Il primo elemento, quello militare, vede i ribelli avanzare ancora in maniera apparentemente caotica. «Gli insorti sono ancora molto poco coordinati, ma il problema per Gheddafi è che Tripoli ormai è isolata, assediata», dice un diplomatico italiano. «Zawiya, sede di una raffineria che secondo noi non funzionava già  da settimane, è di nuovo percorsa dai ribelli, e questo significa che la strada verso la Tunisia è interrotta in molti punti, e molto pericolosa per i gheddafiani». Proprio Zawiya è stata teatro di un fatto apparentemente minore, ma invece decisivo: giovedì pomeriggio un elicottero Apache inglese avrebbe ucciso durante un’incursione un gruppo di libici fra cui il fratello del portavoce del regime, Moussa Ibrahim. Quando Ibrahim ha avuto la notizia era seduto a un tavolo dell’Hotel Rixos, l’albergo di Tripoli dove da mesi sono stati concentrati i giornalisti stranieri. Ibrahim è saltato in piedi palando al cellulare, poi è fuggito fuori urlando in lacrime, ed è rientrato per rinchiudersi in camera con la moglie tedesca e il figlioletto di pochi mesi.

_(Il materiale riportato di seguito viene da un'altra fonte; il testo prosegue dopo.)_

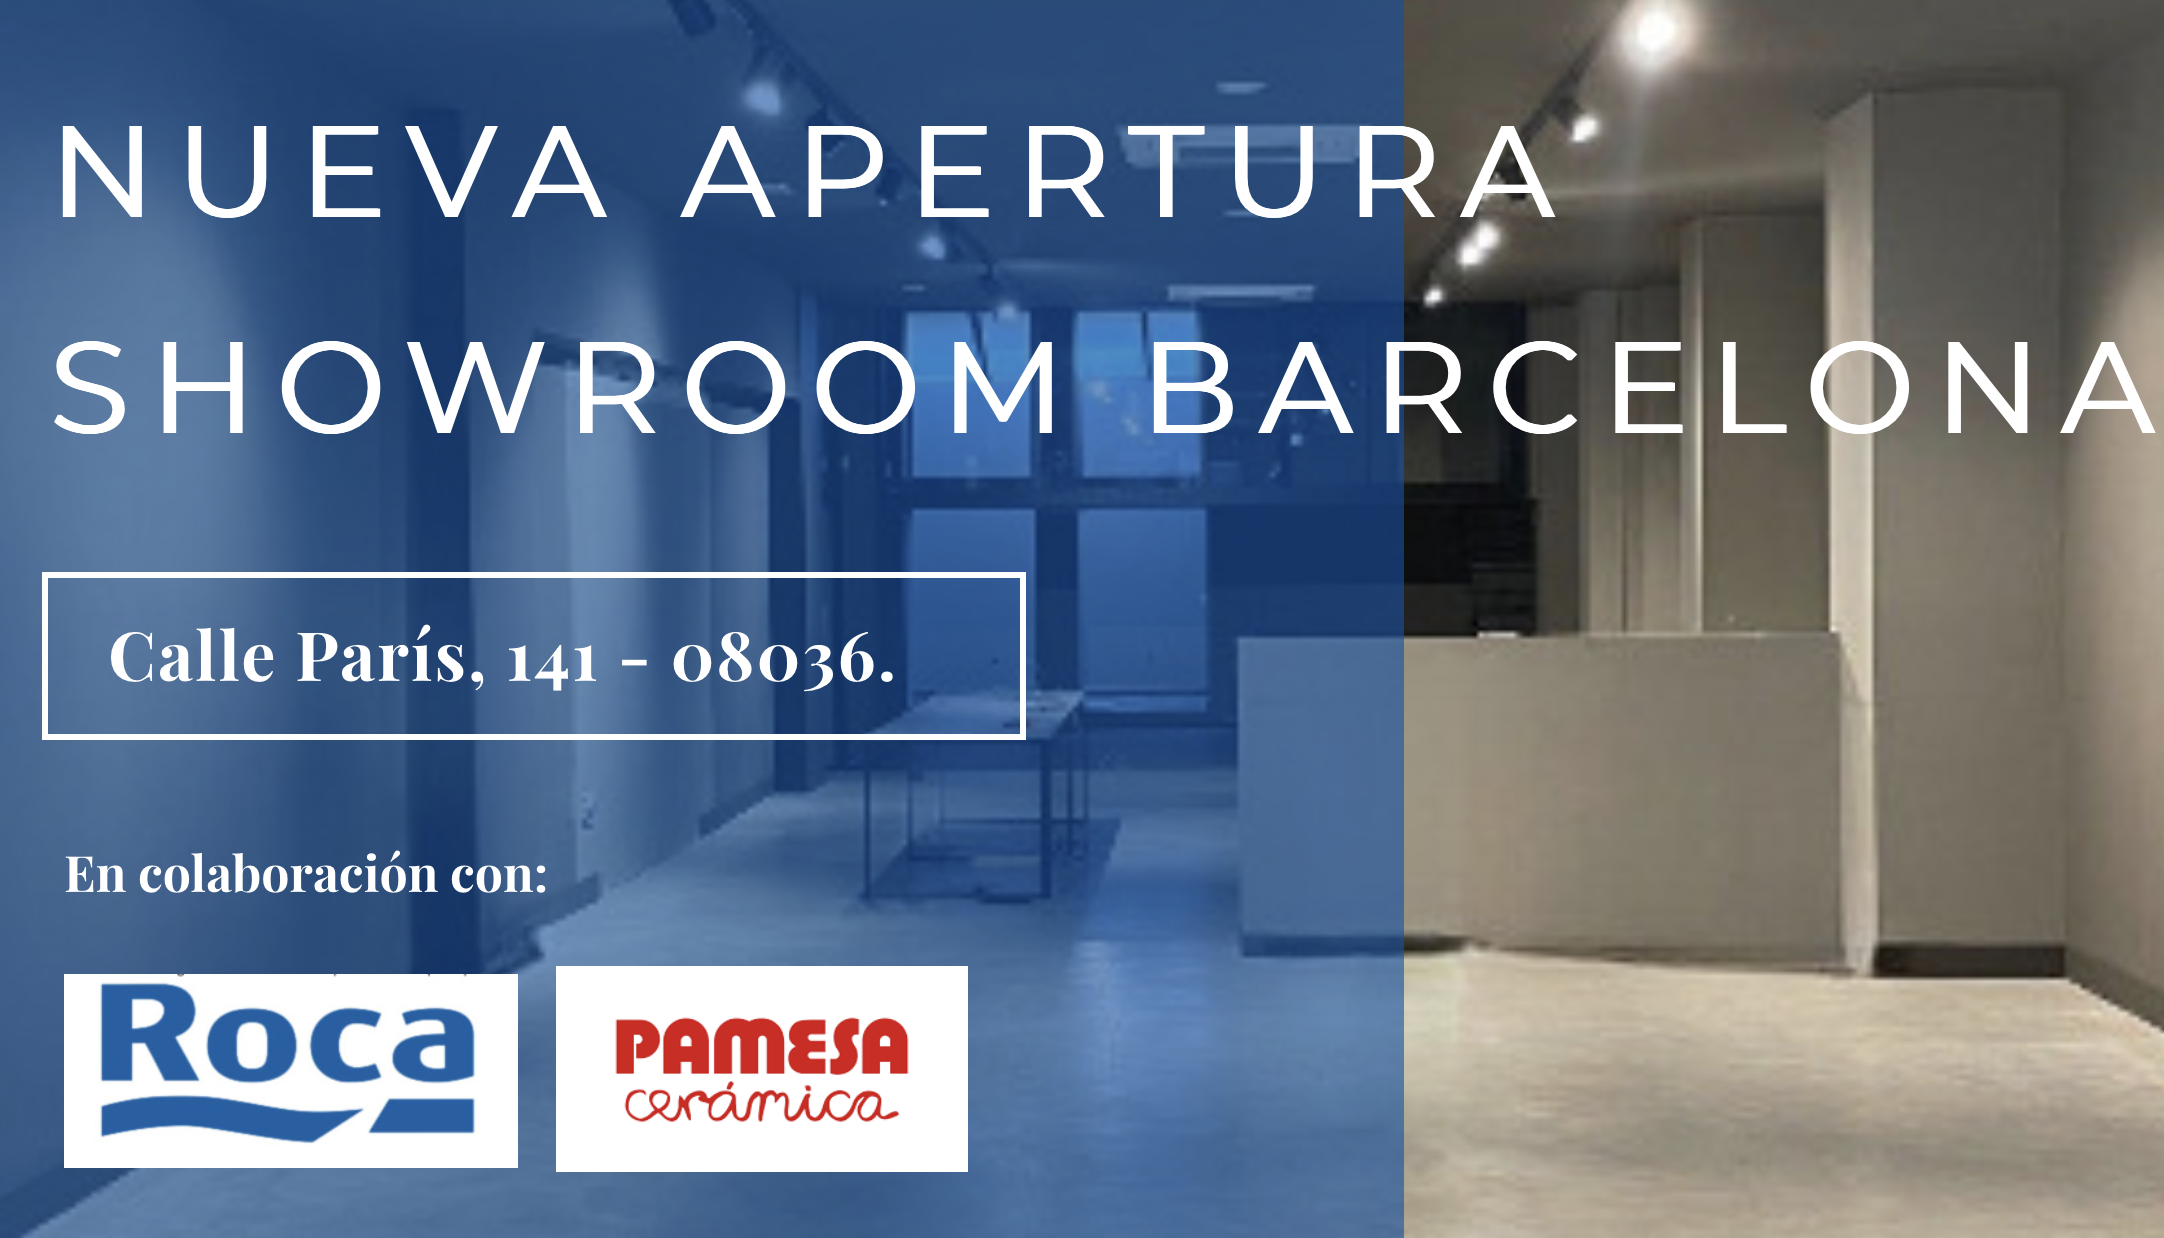 Proxima Apertura Showroom Masia Barcelona, calle Paris, 141

Dopo 5 mesi di attacchi incessanti, tutti i capi e capetti del regime gheddafiano in un modo o nell’altro sono stati colpiti e scossi dalla violenza della guerra. Ancora ieri notte, per l’ennesima volta, la Nato ha bombardato pesantemente la caserma di Bab El Azizia, la residenza di Gheddafi ormai sicuramente vuota e inutile perché ridotta a un cumulo di macerie. Altre bombe sulla casa di Abdullah El Senussi, il capo dei servizi segreti che è anche il primo responsabile della repressione contro i civili: anche lui sicuramente non alloggia più lì. «Ma sono bombardamenti che hanno un effetto psicologico incredibile», dice una fonte che ha contatti con la gente che vive a Tripoli, «ormai anche i più resistenti attorno a Gheddafi vacillano, e chi può fugge». Assieme a Zawiya, città -martire liberata e abbandonata molte volte dai ribelli, altri combattimenti avrebbero liberato Zlitan assieme alla città  archeologica di Sabrata e ad alcuni villaggi a sud della capitale.
Una manovra di avvicinamento a Tripoli che ieri ha convinto il ministro degli Esteri Franco Frattini a fare un appello pubblico ai cittadini della capitale, invitandoli a ribellarsi a Gheddafi, di fatto a prendere le armi e scendere in piazza contro il colonnello. Lui, il raìs, intanto avrebbe iniziato seriamente a considerare la fuga: lo dicono non solo la tv americana Nbc, imbeccata da fonti anonime del Pentagono, ma anche la tv russa e l’agenzia Nuova Cina. Per la Nbc, Gheddafi starebbe negoziando un rifugio per se stesso e la famiglia in Tunisia. Ma è più probabile che la Tunisia possa essere solo il luogo di passaggio verso un’altra destinazione: i media russi e cinesi tornano a parlare con insistenza di Venezuela, un Paese capace di garantire protezione al colonnello anche in caso di pressioni americane. Di sicuro il governo post-rivoluzionario tunisino è però informato di molte delle trattative che avvengono proprio sul suo territorio, soprattutto nell’isola di Djerba. E per questo il ministro Essid ha fatto pubblicamente la sua previsione: «Ci prepariamo a gestire nuovi afflussi di profughi, Gheddafi è al suo ultimo quarto d’ora».